Correspondence to: Georgina González-Avila, MD, PhD, Laboratorio de Matriz Extracelular, Departamento de Enfermedades Crónico Degenerativas, Instituto Nacional de Enfermedades Respiratorias, Calzada de Tlalpan 4502, CP 14080, Mexico, D.F., Mexico; e-mail: ggonzalezavila{at}yahoo.com

	Abstract

TOP Abstract Introduction Materials and Methods Results Discussion References

 
Background: Tobacco is considered the most important cause of lung cancer, but other factors could also be involved in its pathogenesis. The aim of the present work was to establish an association between wood smoke exposure and lung cancer pathogenesis, and to analyze the effects of wood smoke on p53 and murine double minute 2 (MDM2) protein expression.

Design: Blood samples were obtained from 62 lung cancer patients, 9 COPD patients, and 9 control subjects. Of the 62 lung cancer patients, 23 were tobacco smokers (lung cancer associated with tobacco [LCT] group), 24 were exposed to wood smoke (lung cancer associated with wood smoke [LCW] group), and 15 could not be included in these groups. Western blot assays were performed to identify the presence of p53, phospho-p53, and murine double minute 2 (MDM2) isoforms in plasma samples. Densitometric analysis was used to determine the intensity of p53, phospho-p53, and MDM2 bands.

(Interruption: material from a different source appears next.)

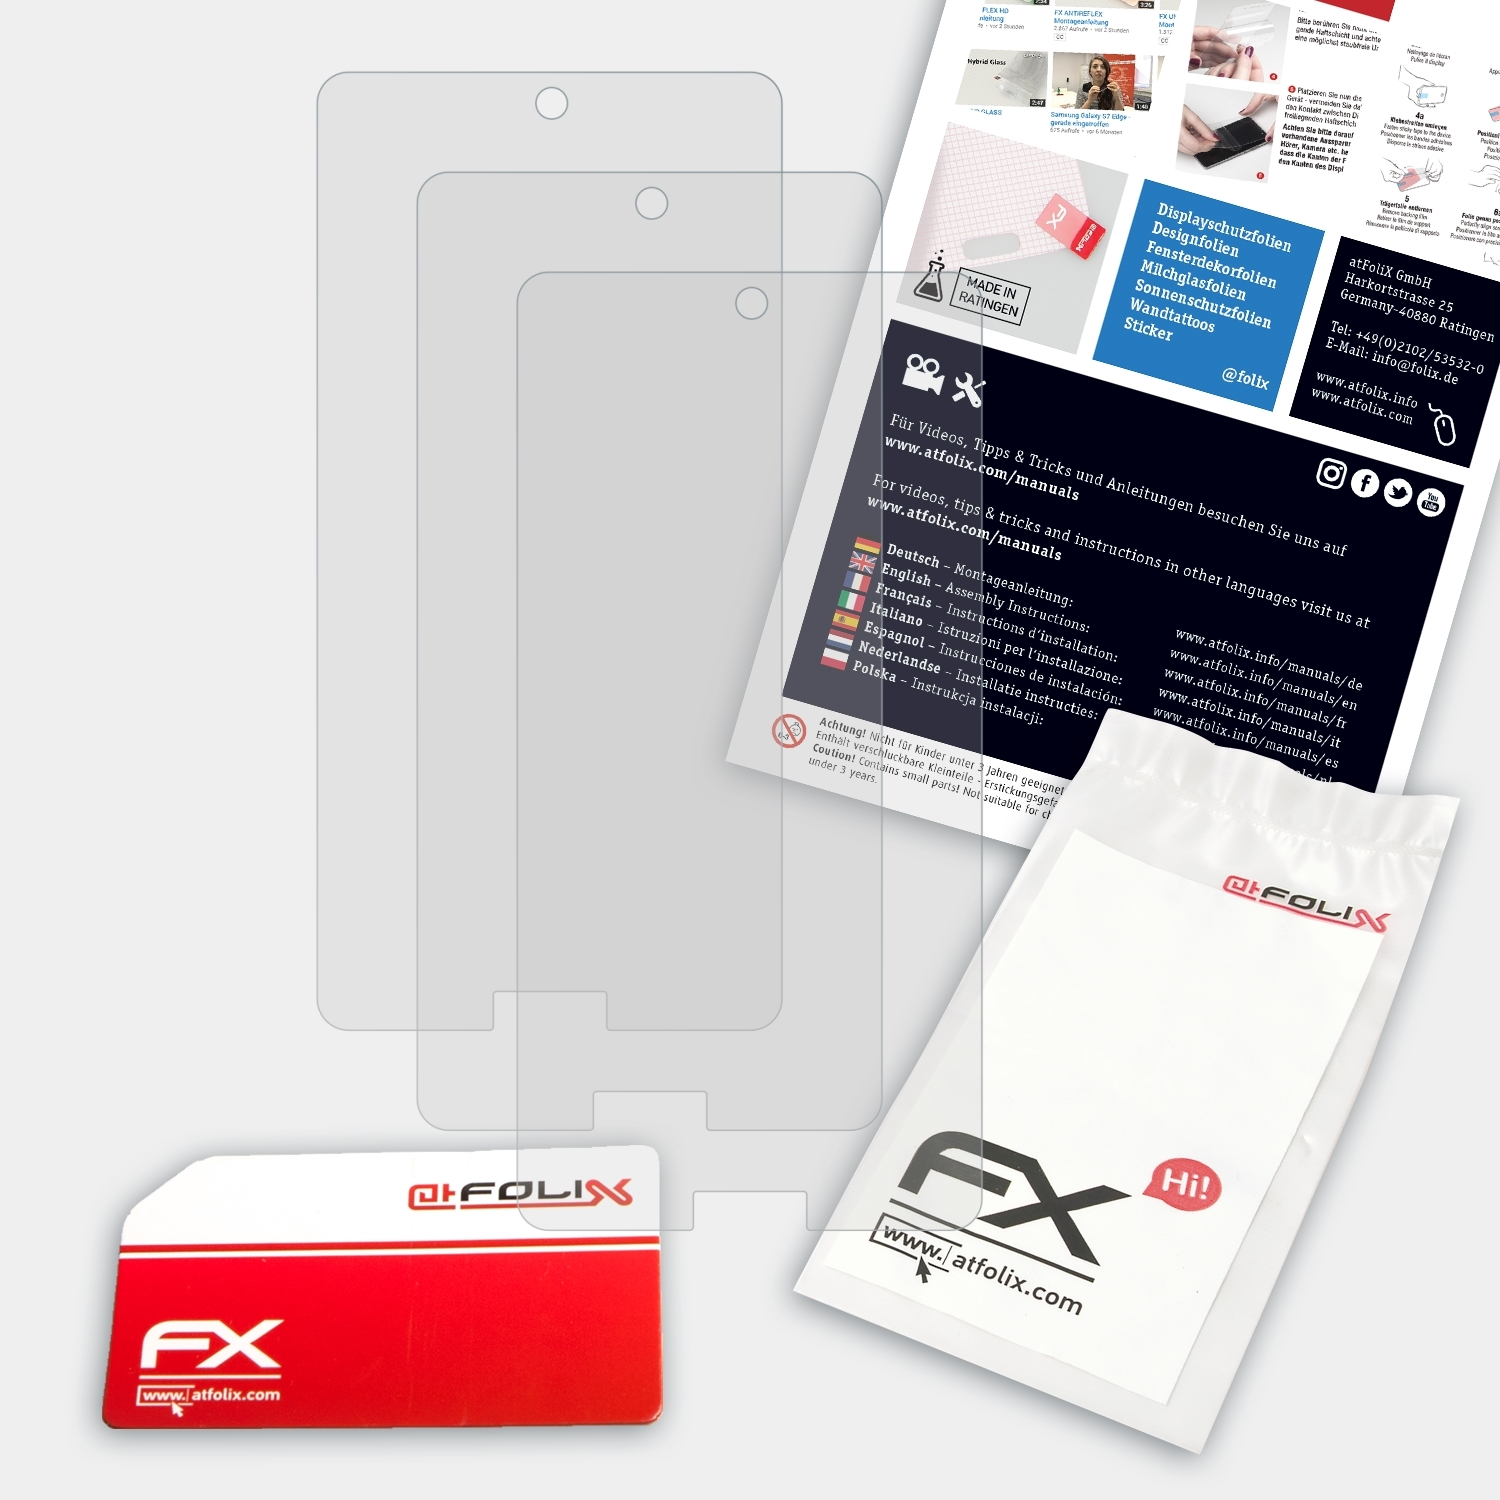 FX-Antireflex ATFOLIX 3x C10) Displayschutz(für Sharp Aquos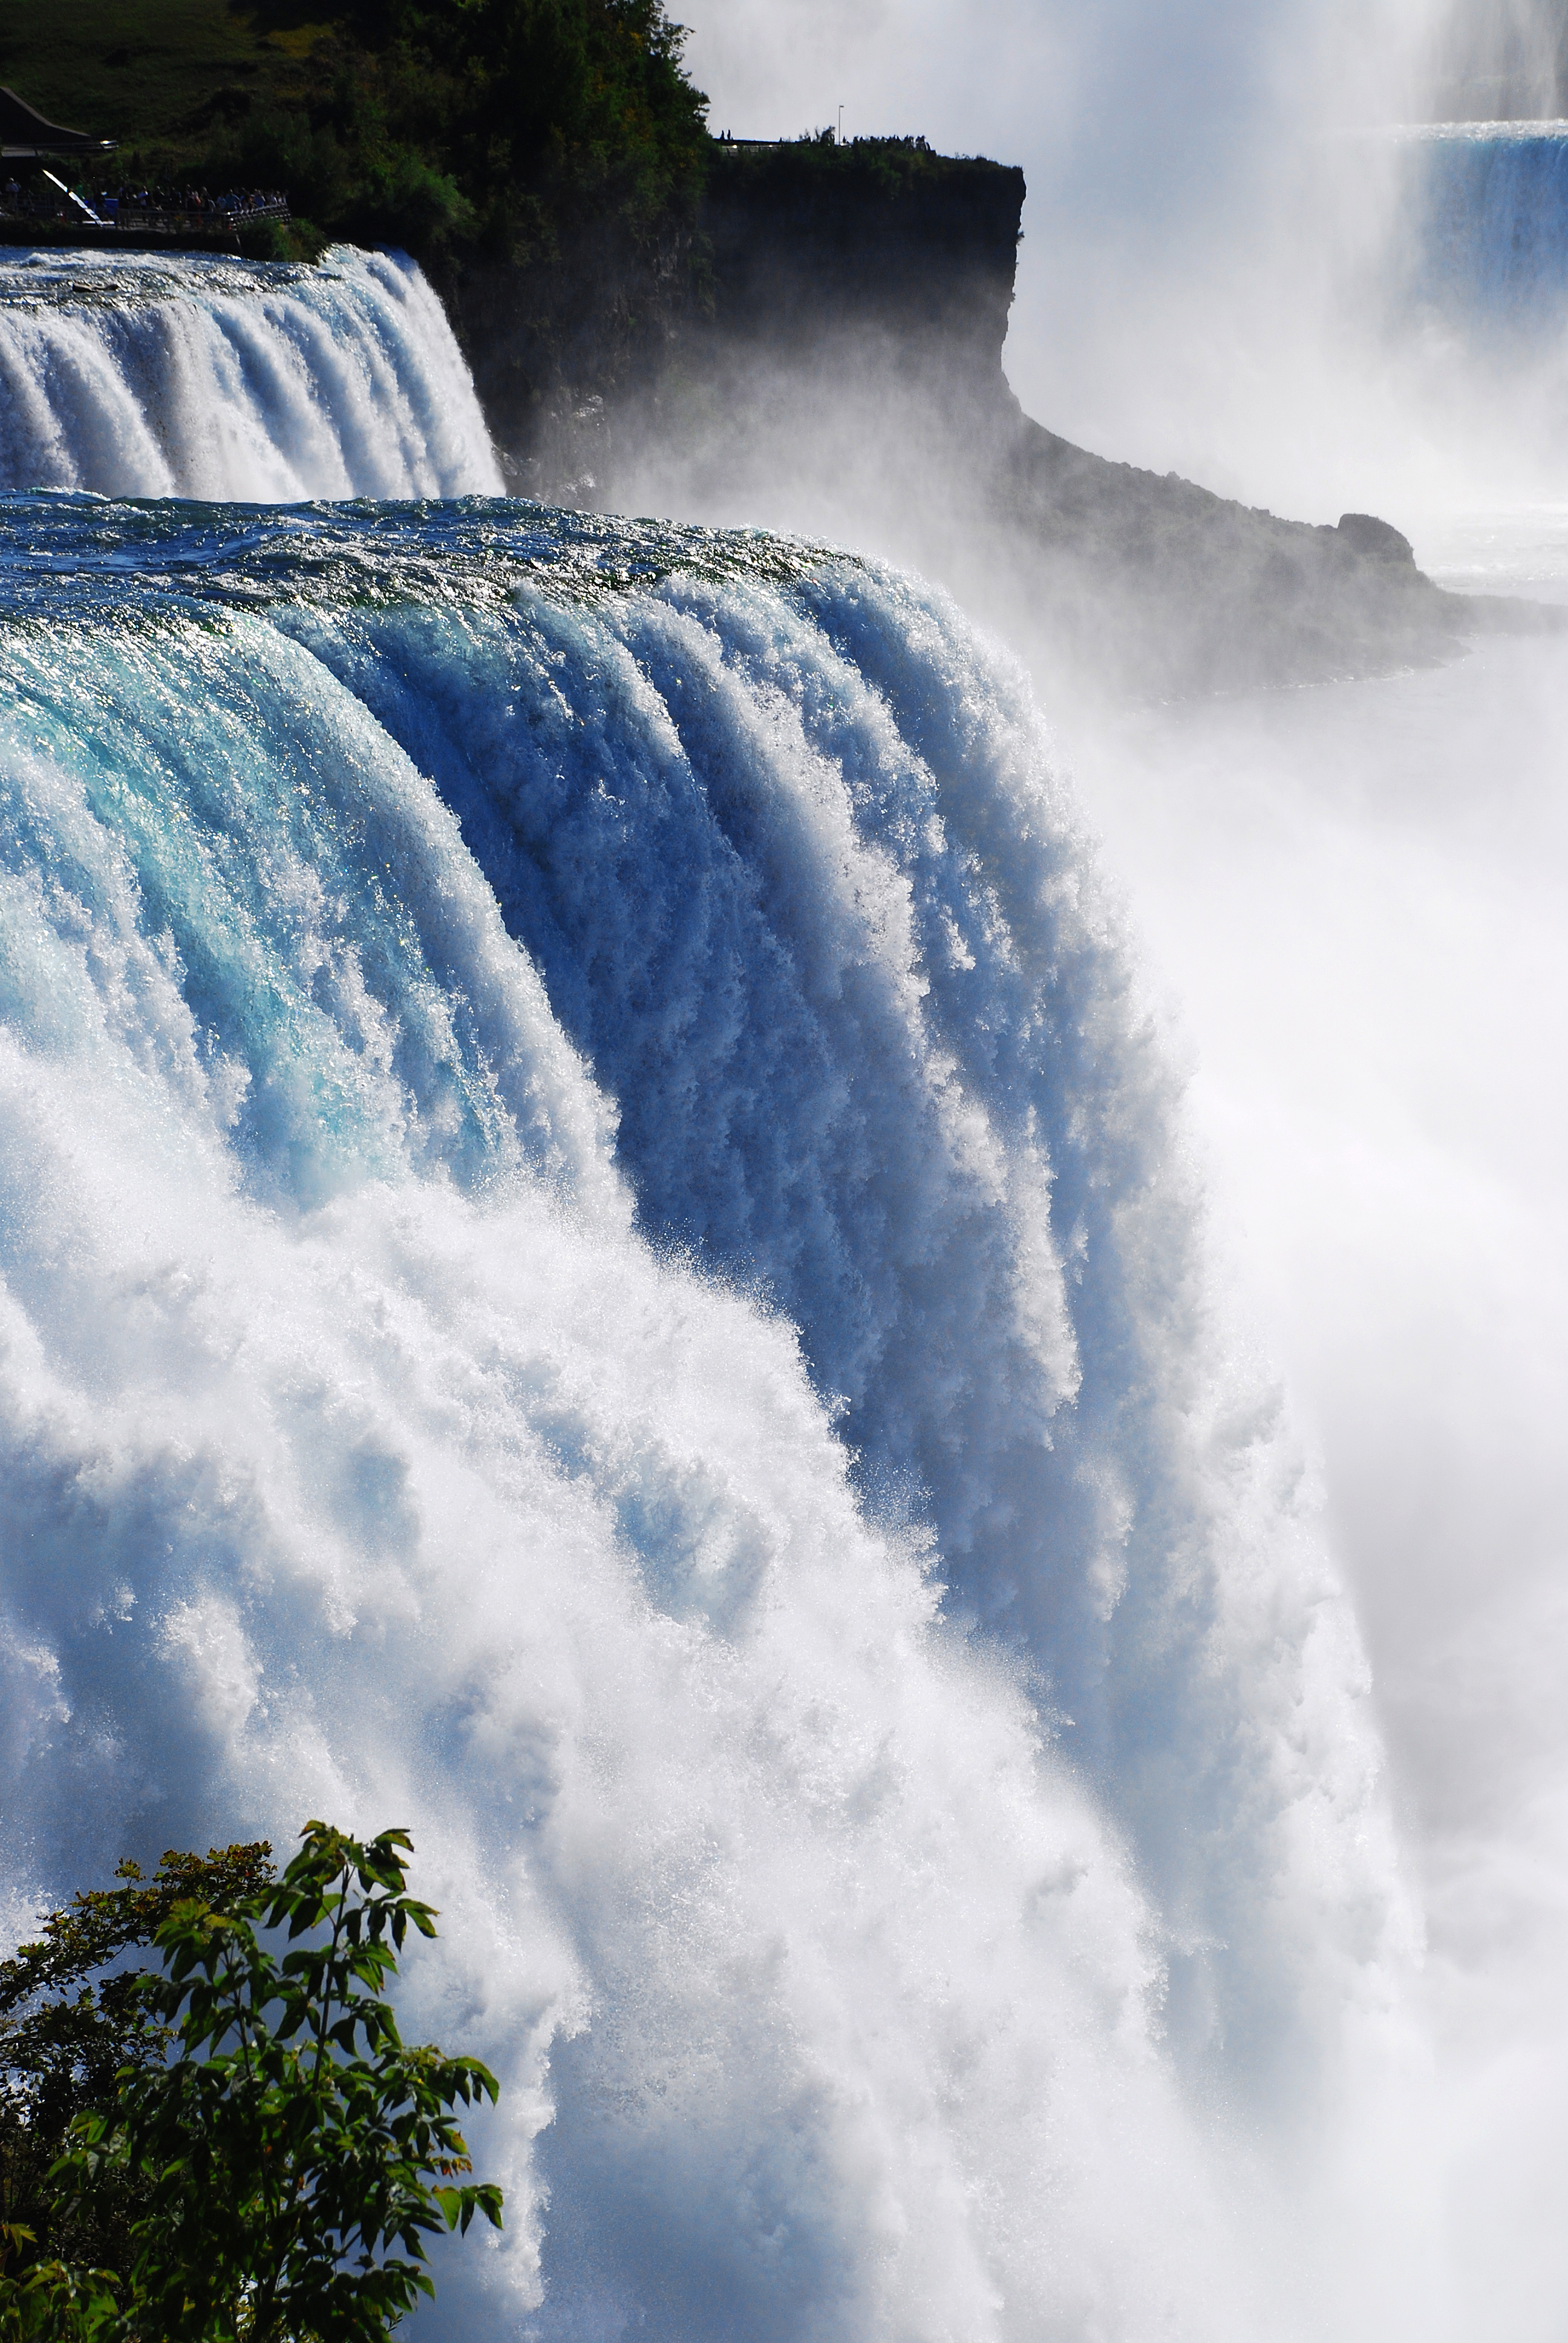 Itinerario de viaje a medida por Estados Unidos y Canadá, cataratas del Niagara

Results: Approximately 38.7% of the lung cancer patients examined had an association with wood smoke exposure, most of them women living in rural areas. Adenocarcinoma was present in 46.7% of these patients. The p53 and phospho-p53 proteins were significantly increased in LCW samples (56,536.8 ± 4,629 densitometry units [DU] and 58,244.8 ± 7,492 DU, respectively [± SD]), in comparison with the other groups. The 57-kD MDM2 isoform plasma concentration was very high in LCW and LCT samples (75,696.4 ± 11,979 DU and 78,551.7 ± 11,548 DU, respectively). MDM2-p53 complexes were present in a high concentration in control and COPD subjects. This allows p53 degradation and explains the low concentrations of p53 found in these groups. MDM2-phospho-p53 complexes were observed in COPD but not in the other samples. This correlates with the low concentration of p53 observed in the COPD group (13,657 ± 2,012 DU), and could explain the different clinic evolution of this smoker population in comparison with the LCT subjects.

Conclusion: This study suggests that there is a possible association of lung cancer with wood smoke exposure. Likewise, our findings demonstrate that wood smoke could produce similar effects on p53, phospho-p53, and MDM2 protein expression as tobacco.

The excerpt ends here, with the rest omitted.